第33章 你的好友护妹狂魔上线了(三十二)() 
乔薇将女主丢到一边,皮笑肉不笑地回应生活老师的质问:“老师现在的重点难道不该是教育罗小芸偷窃不可取吗?”

    “罗小芸拿你的东西之前忘了跟你说一声,的确是她不对。”生活老师大事化小,一句话简单带过。“但是薛同学你恶意寻室友的开心,也是不可取的。”

    乔薇耸了耸肩,“我并不觉得‘偷窃’和‘拿东西之前忘了说一声’是一码事。偷就是偷,何必用这些冠冕堂皇的修辞来粉饰太平?我桌子上确实少了两套护肤品,罗小芸也亲口承认她从我桌上拿走了。哦,难不成小偷做贼时写个条子说‘东西我拿走了特地知会一声’,那就不能算是‘偷’了?”

    语言文化博大精深,同一件事实,用上两种不同的表述方法,给人带来的直观感受就会截然不同。

    “还是说,老师你觉得,比起死不悔改的偷窃,单纯的炫富行为更加令人难以忍受?”乔薇问道。

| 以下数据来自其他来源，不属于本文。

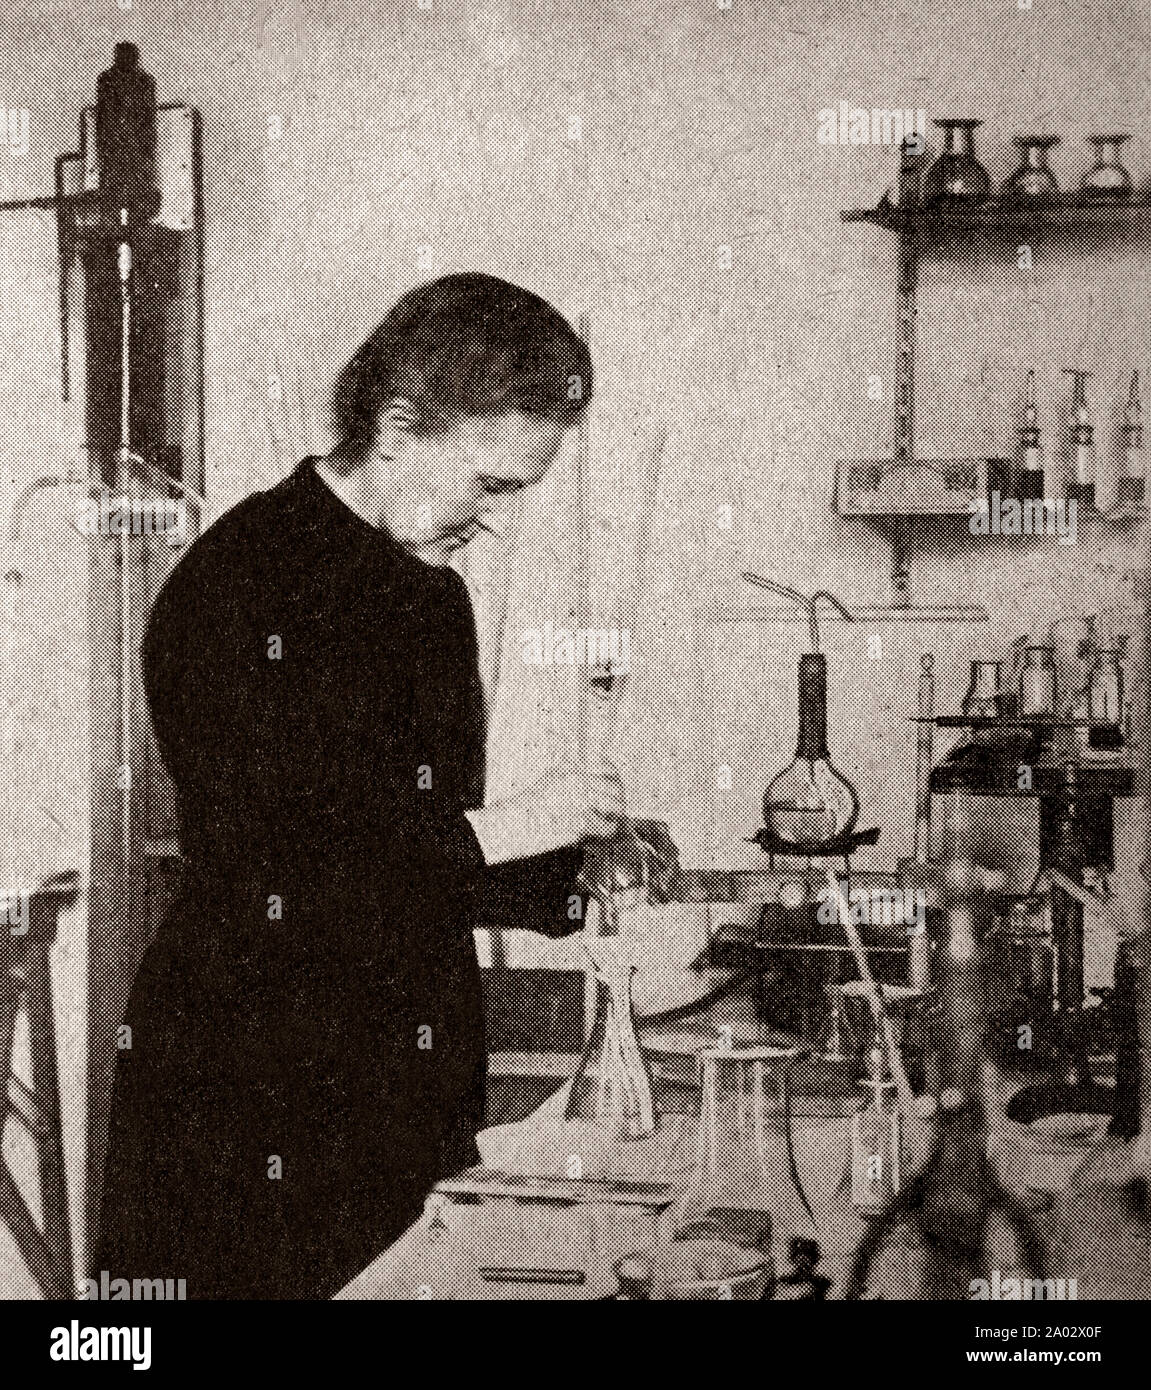 Il più recente di ingegneria e tecnologia dal 1930: Un ritratto di Marie Curie ((1867-1934), polacco e naturalizzato francese-fisico e chimico che ha condotto ricerche pionieristiche sulla radioattività. Lei è stata la prima donna a vincere un premio Nobel, è l'unica donna a vincere il premio nobel due volte, ed è la sola persona a vincere il premio Nobel in due diversi campi scientifici. Foto Stock
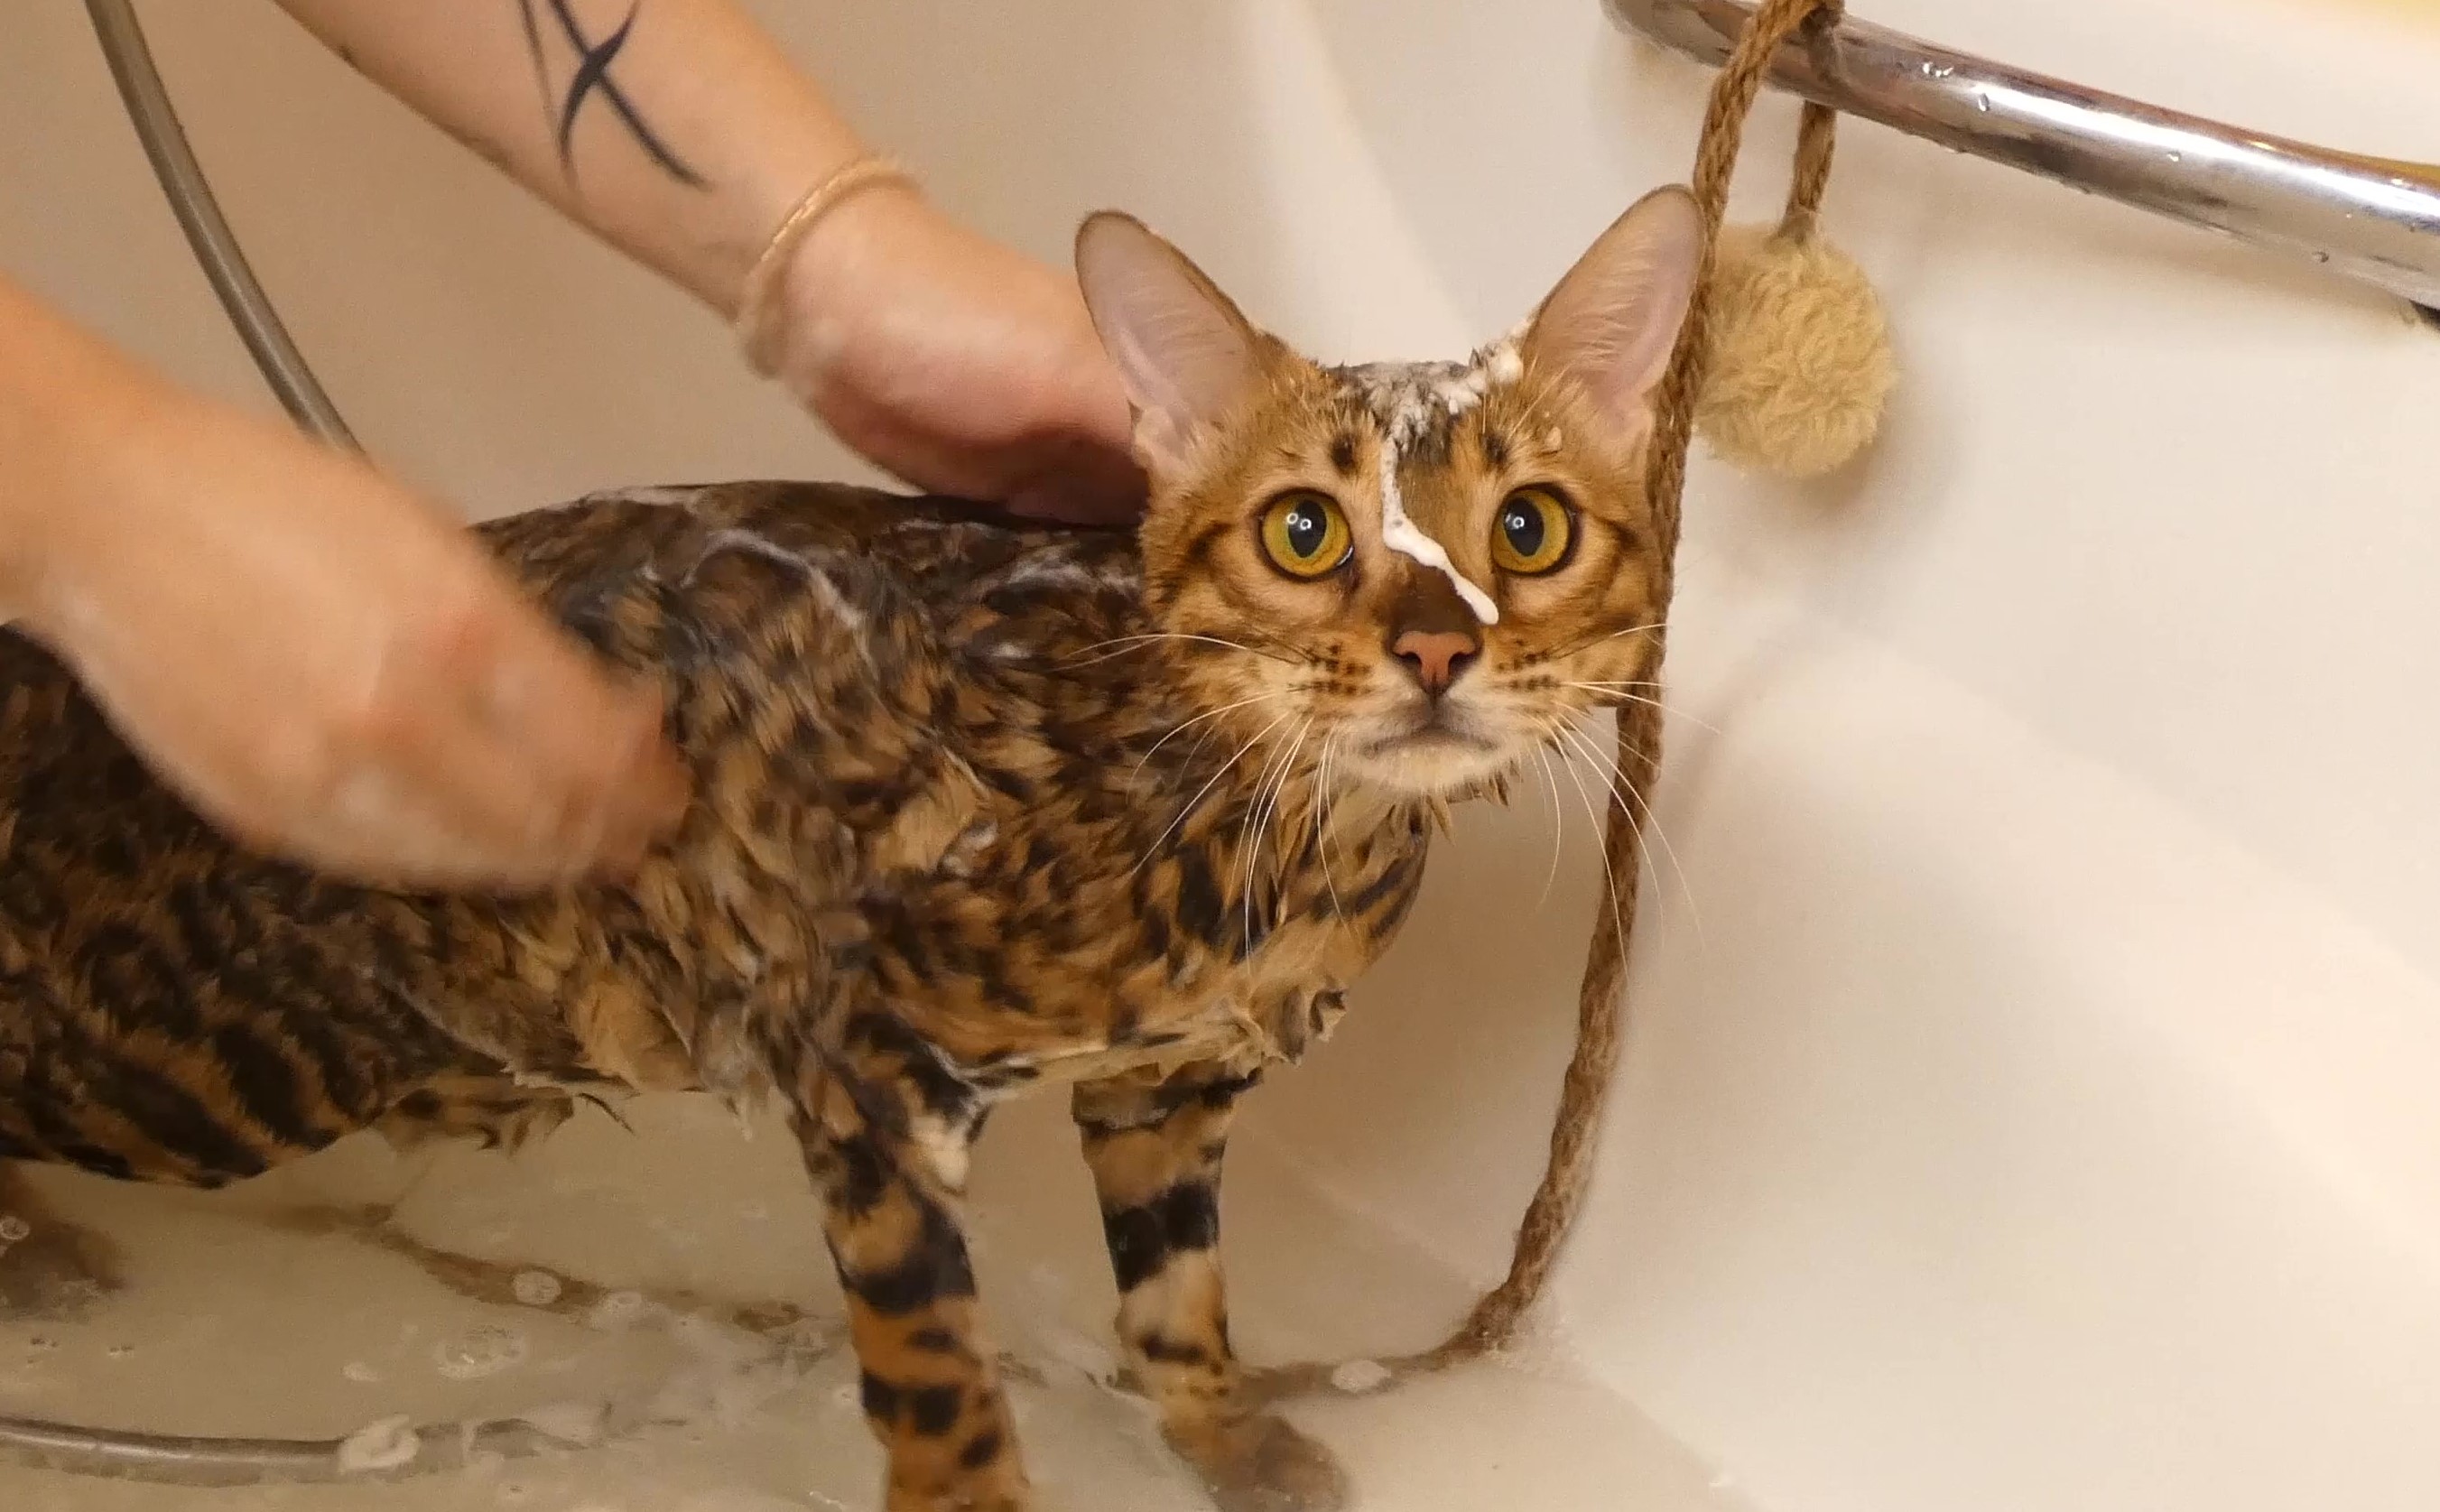 купание кошки

    在不同人的眼里,对于“炫富”的定义也完全不一样。

    罗小芸眼皮子浅,总觉得用小一万的护肤品就是炫富了,可在原主眼里,女孩子买点自己喜欢的护肤品很正常,这小一万不过是她一个月生活费的几分之一,根本算不了什么。

    “炫富”的关键字在于“炫”上,如果当事人自己都没有想要通过炫耀来满足虚荣心的意识,那么其实并非真正意义上的炫富,仅仅只是一个情商非常低的行为。

    退一万步来说,炫富炫富,不过是想让人眼红罢了,并没有侵犯别人的人身或是财产权益,和偷窃这类违法犯罪的行为一比,轻微得不能再轻微了。

    如今乔薇明目张胆地问出来,生活老师当然不能够承认,刻意地摆出严厉的一面来,顾左右而言他,“薛同学,一码事归一码事,现在我们在谈论的是你为什么要捉弄舍友。”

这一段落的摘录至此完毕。